▶ To do: Would you please repeat all of the data exactly, omitting the pictures?

------ Dataset section

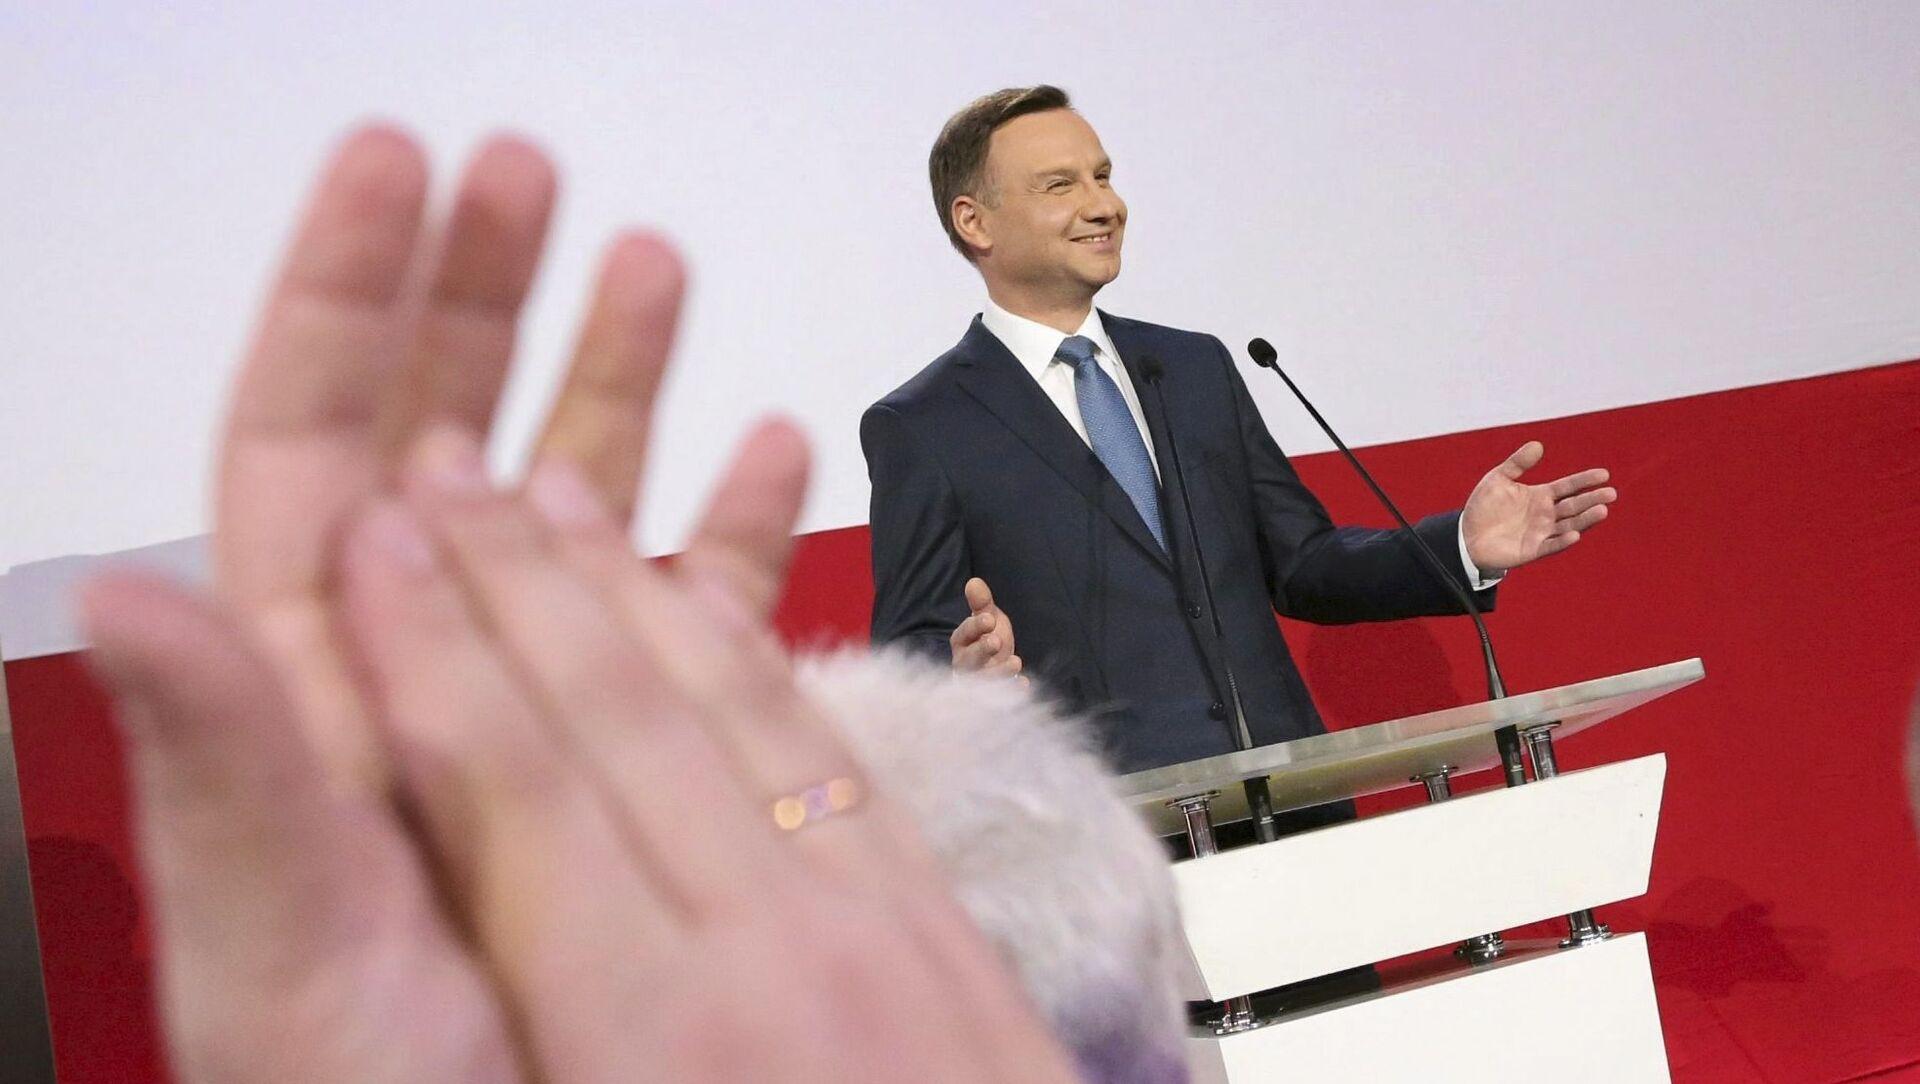 Prezydent elekt RP Andrzej Duda - Sputnik Polska, 1920, 17.05.2021
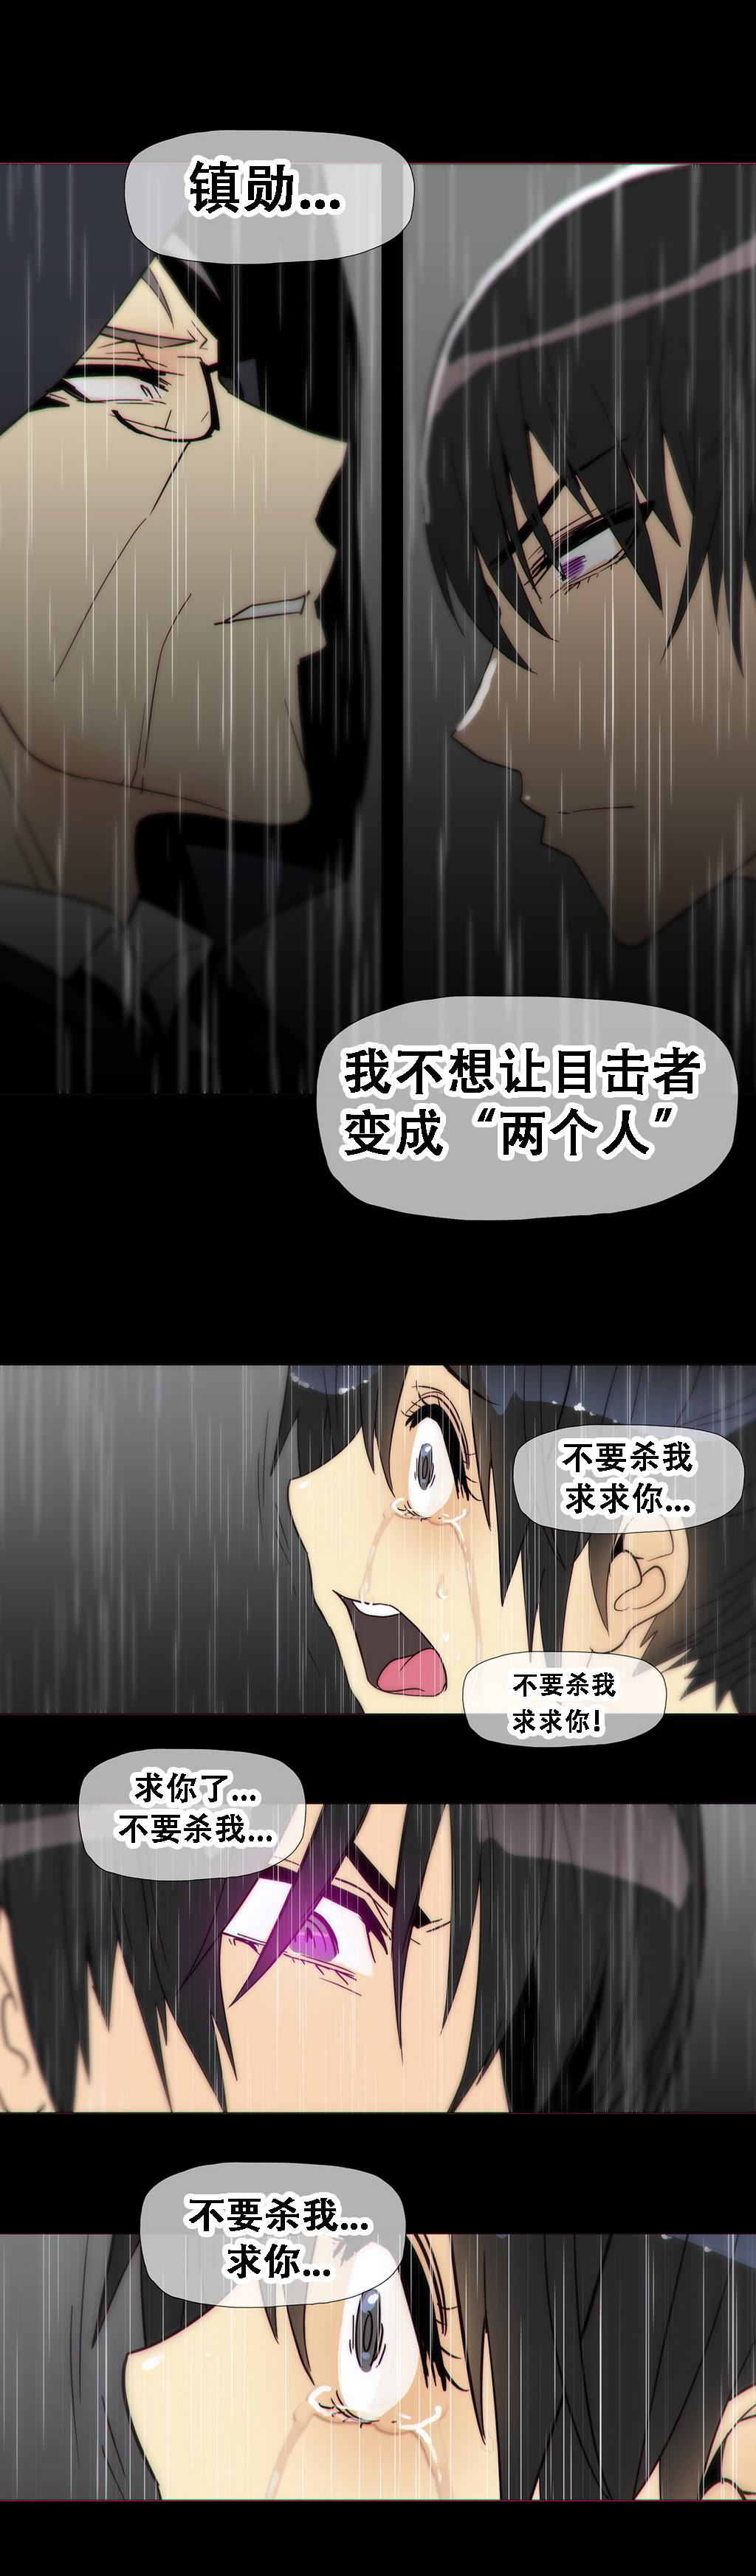 HouseHold Affairs 【卞赤鲤个人汉化】1~21话(持续更新中) 336
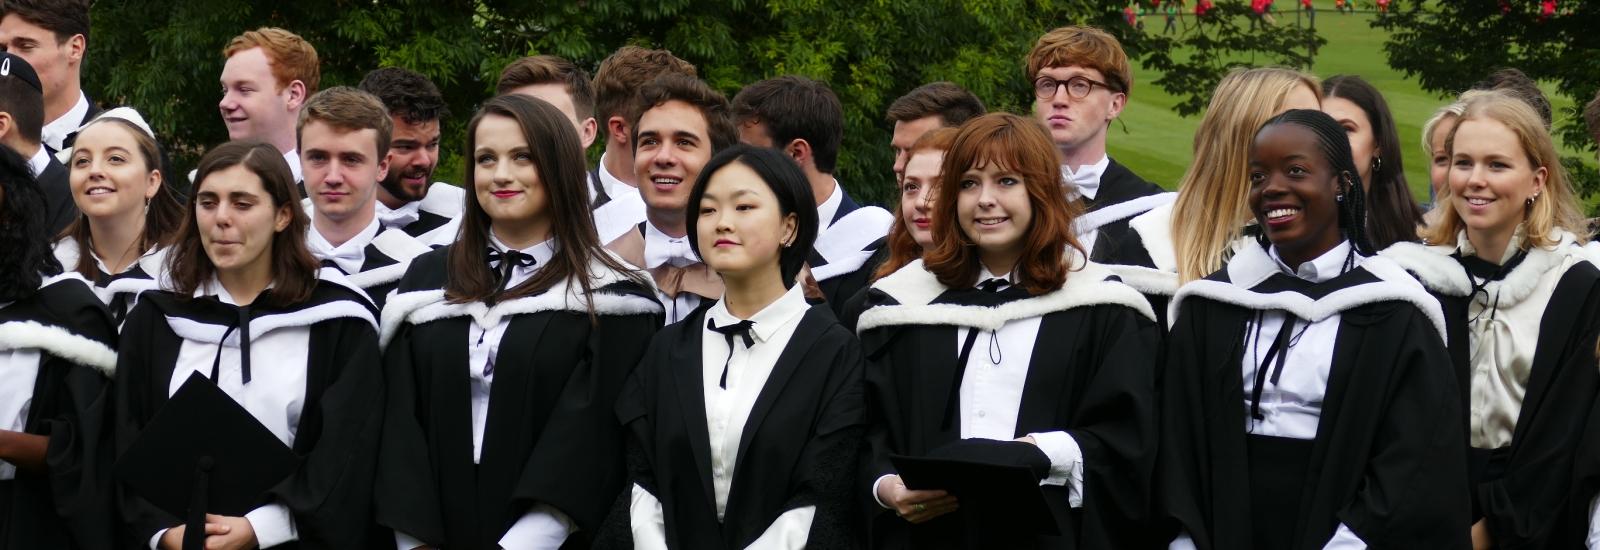 New graduates following their graduation ceremony

------------

▶ Your solution:
 Prezydent elekt RP Andrzej Duda - Sputnik Polska, 1920, 17.05.2021
 HouseHold Affairs 【卞赤鲤个人汉化】1~21话(持续更新中) 336
 New graduates following their graduation ceremony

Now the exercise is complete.